In comparison, trusts are more complex and more expensive to set up. You can use them to plan for complex matters. Examples of such complexities include second marriages and stepchildren.
When a will goes through probate court, everything about it becomes public information. Also, if you die without a will, your assets would be subjected to the intestacy laws of the area where you live, bringing your affairs to public purview.
In contrast, trusts offer some level of confidentiality as they do not go through the probate process. Therefore, the details of a trust do not have to be made public.
In most countries, wills must meet certain legal conditions to be valid. For example, a final testament made by a person with a questionable mental state is invalid.
If a relative feels cheated by the will, they may contest its validity in court.

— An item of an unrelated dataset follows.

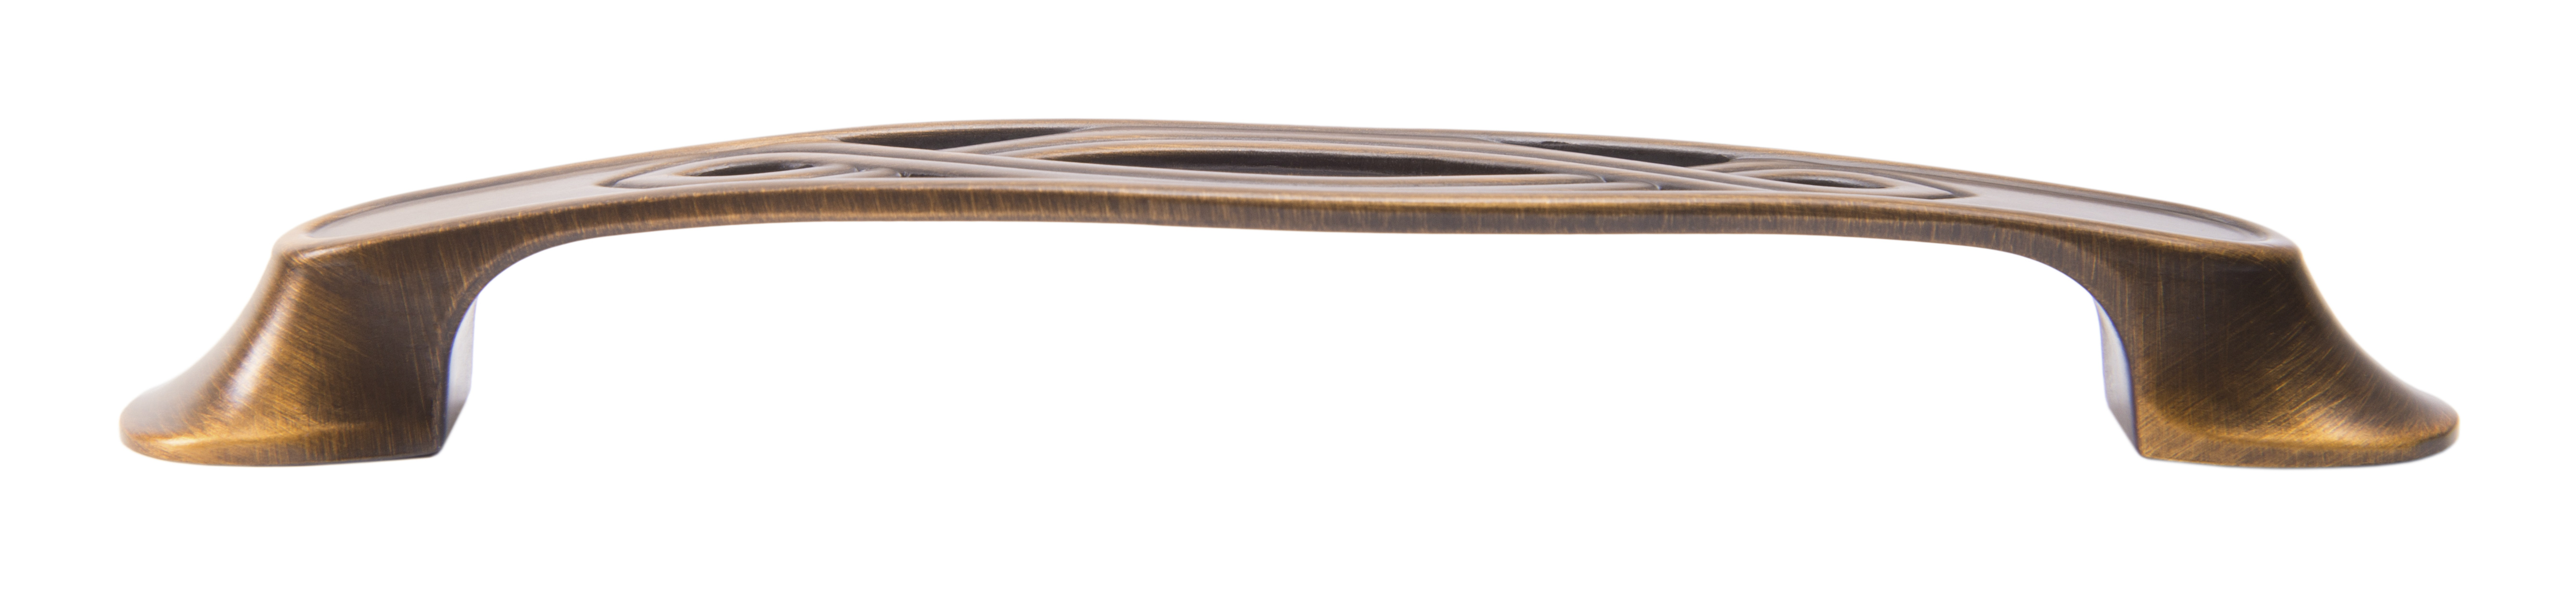 Ручка мебельная скоба 128мм старинная бронза RS407BAB.4/128 Boyard / 719742-1 / оптом и в розницу / мебельная фурнитура "ЛАВР"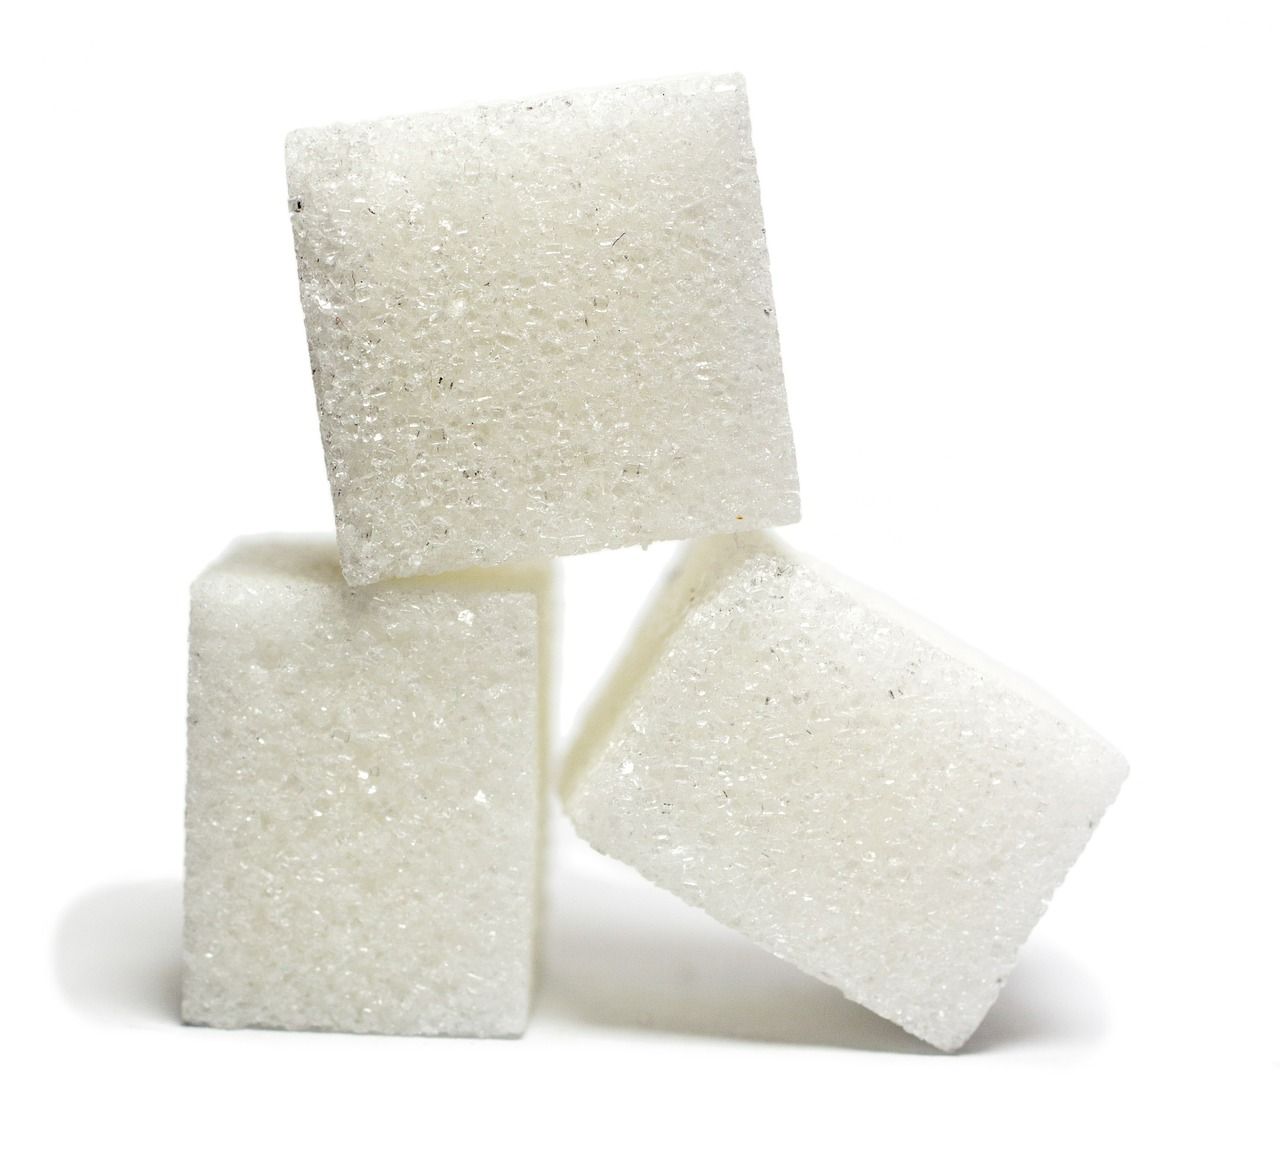 Syrop glukozowo-fruktozowy – tani zamiennik cukru, którego warto unikać

Where a court annuls a will, an earlier ‘will’ becomes the valid will. In the absence of an earlier ‘will,’ the estate will become subject to intestacy laws.
In contrast, trusts are less likely to be contested in court as they become operational immediately. They are also more complex, making them more unlikely to be challenged successfully.
5. Tax Benefits
A will does not offer you any tax benefits. Apart from this, depending on the jurisdiction you live, inheritance taxes can be substantial. In fact, in some countries, the estate tax can be as high as 55%.
On the other hand, irrevocable trusts can help you avoid estate tax. When you transfer assets to irrevocable trusts, the legal ownership of the asset gets transferred to the trust.
Beneficiaries who receive payments from the trust do not have to pay inheritance tax as there is no actual ‘inheritance.’
6. Protection of Assets From Creditors or Divorce
Life can be uncertain. Relatives named in a will may experience divorce or become indebted. Their inherited assets may get taken away from them if any of these happens.
Irrevocable trusts protect assets from creditors.
Upon transferring assets to a trust, such possessions are off-limits to creditors since the relative does not own them.
Creditors and the divorce process would be limited to assets outside the trust.
In certain situations where both estate planning tools are combined, discrepancies may occur between the information contained in a will and the information contained in the trust.
Where this happens, the information in the trust takes precedence.
Wills are not as expensive as trusts. Depending on local laws, you can even create one yourself at no cost.
Trusts are more expensive. However, they provide a financial advantage by helping your heirs avoid probate and taxes. Probates and taxes can be very expensive.
A solid understanding of wills and trusts is key to making wise estate planning decisions. The choice of your estate planning tool is a significant decision.
If you need further guidance, contact an estate planning attorney. A tax advisor or a financial planner can also give you a second opinion based on the advice you receive from the lawyer.
Thinking about death can be unpleasant, but death is unavoidable. A solid estate plan is one of the best gifts you can give to your loved ones. Your wise decision will save them a lot of emotional distress while providing them with financial stability.